Comment 14 Adam Williamson 2009-11-10 17:45:43 UTC
for that I'd need an explanation I can understand =) do you get the explanation, jlaska? If not, could a kind anaconda person provide an explanation ratcheted down to a level a dumb bug monkey can understand? thanks :)

-- 
Fedora Bugzappers volunteer triage team
https://fedoraproject.org/wiki/BugZappers

Comment 15 James Laska 2009-11-10 18:25:11 UTC
(In reply to comment #14)
> for that I'd need an explanation I can understand =) do you get the
> explanation, jlaska? If not, could a kind anaconda person provide an
> explanation ratcheted down to a level a dumb bug monkey can understand? thanks
> :)

Same boat for me.  I've got a queue of entries to write, so I'll be happy to take this one.

Radek ... can you help outline the problem so that we can document this issue including details on:
 * how someone can determine if they're affected by this
 * and how to workaround the issue

Comment 16 Radek Vykydal 2009-11-11 09:43:43 UTC
(In reply to comment #15)

> 
> Radek ... can you help outline the problem so that we can document this issue
> including details on:

As Hans said, this bug is not a regression, but it is independent of having /boot on mdraid, the cause of the bug is change of driveorder between install and upgrade (for specific configurations).

* Simple reproducer:
1) Install F11 on machine with 2 drives, putting /boot partition on second disk (BIOS drive order) and bootloader in MBR of the second disk too. This can be achieved for example by specifiing something like --driveorder=sdb,sda in ks.
2) Upgrade to F12.

* The cause and explanation:
Incomplete device.map file is the cause.
The file is generated by anaconda during install and contains only info for drives used for grub - that is for drives containing /boot partition, drives where grub stage1 will go to, and drives containing chainloaded bootloaders - so in case of the reproducer, it contains only "(hd0) /dev/sdb".
When upgrading grub, if the detected driveorder is different (we can't take into account driveorder information from installation), the records are updated, so (hd0) becomes /dev/sda in reproducer. Anaconda wants to upgrade grub which is in /dev/sdb (this info is stored in /etc/sysconfig/grub), but there is no record for /dev/sdb in devices.map and so it fails.

* Fix:
Generate more complete device.map during upgrade.

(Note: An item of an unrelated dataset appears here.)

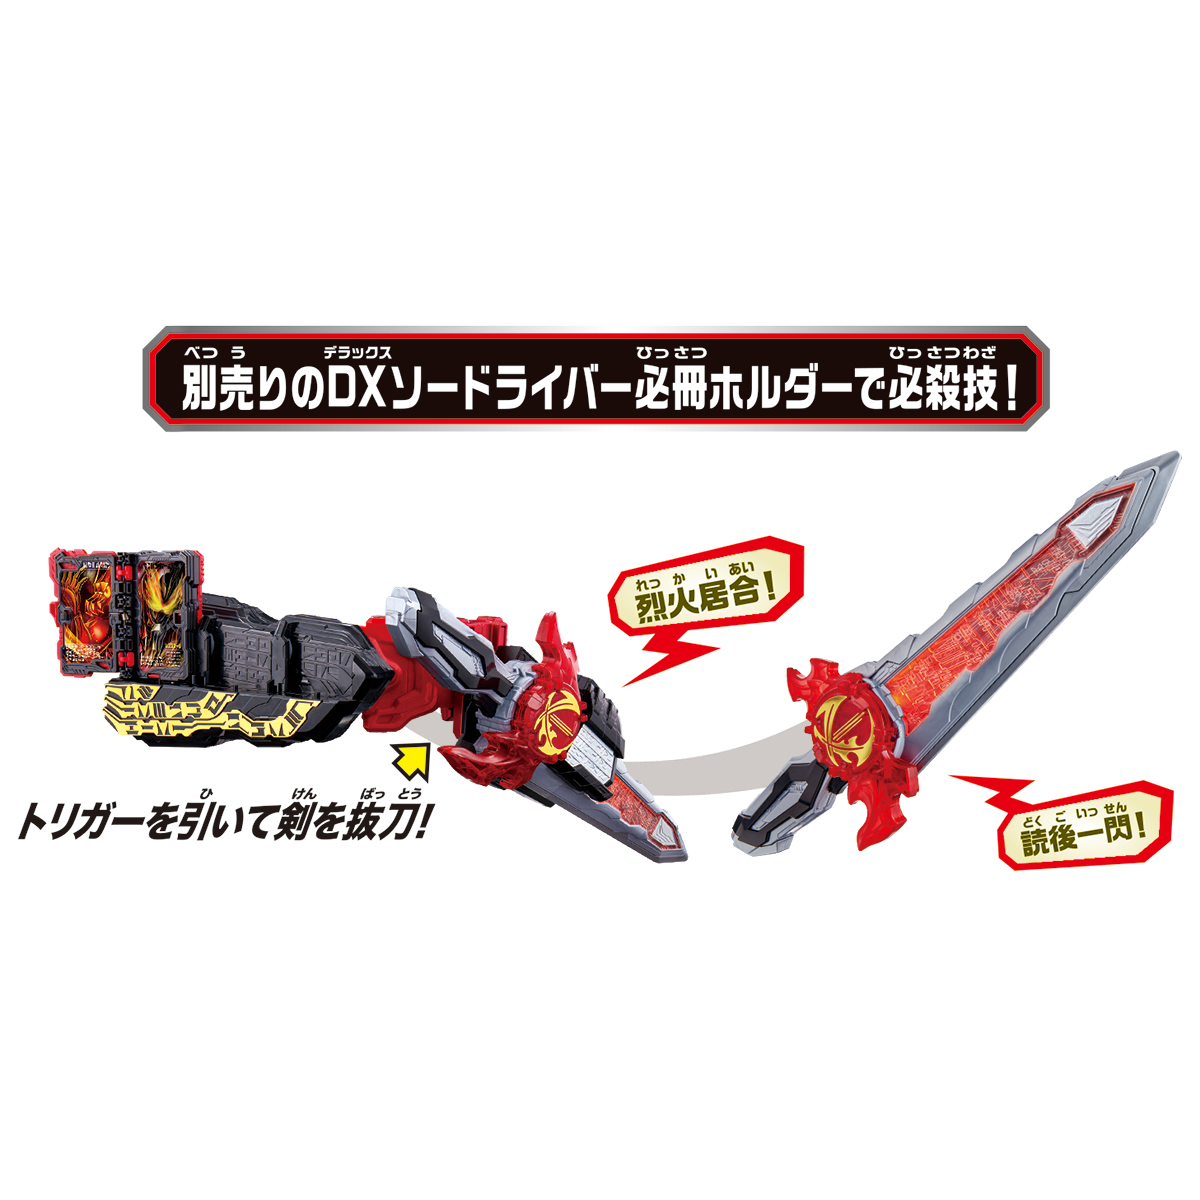 変身ベルト『DX聖剣ソードライバー』仮面ライダーセイバー 変身なりきり-007

>  * how someone can determine if they're affected by this

Upgraded system won't boot (probably just cursor on screen, or message from description), and when investigating it from rescue mode, /mnt/sysimage/boot/grub/device.map file will not contain <DEVICE> which is in file /mnt/sysimage/etc/sysconfig/grub on line boot=<DEVICE>.

>  * and how to workaround the issue  

chroot /mnt/sysimage
grub-install --recheck <DEVICE>

Also, the symptom of this bug is that just "grub-install <DEVICE>" without --recheck option would give
"<DEVICE> does not have any corresponding BIOS drive."
error message.

Comment 17 Radek Vykydal 2009-11-18 16:39:34 UTC
This should be fixed in version 13.9 of anaconda.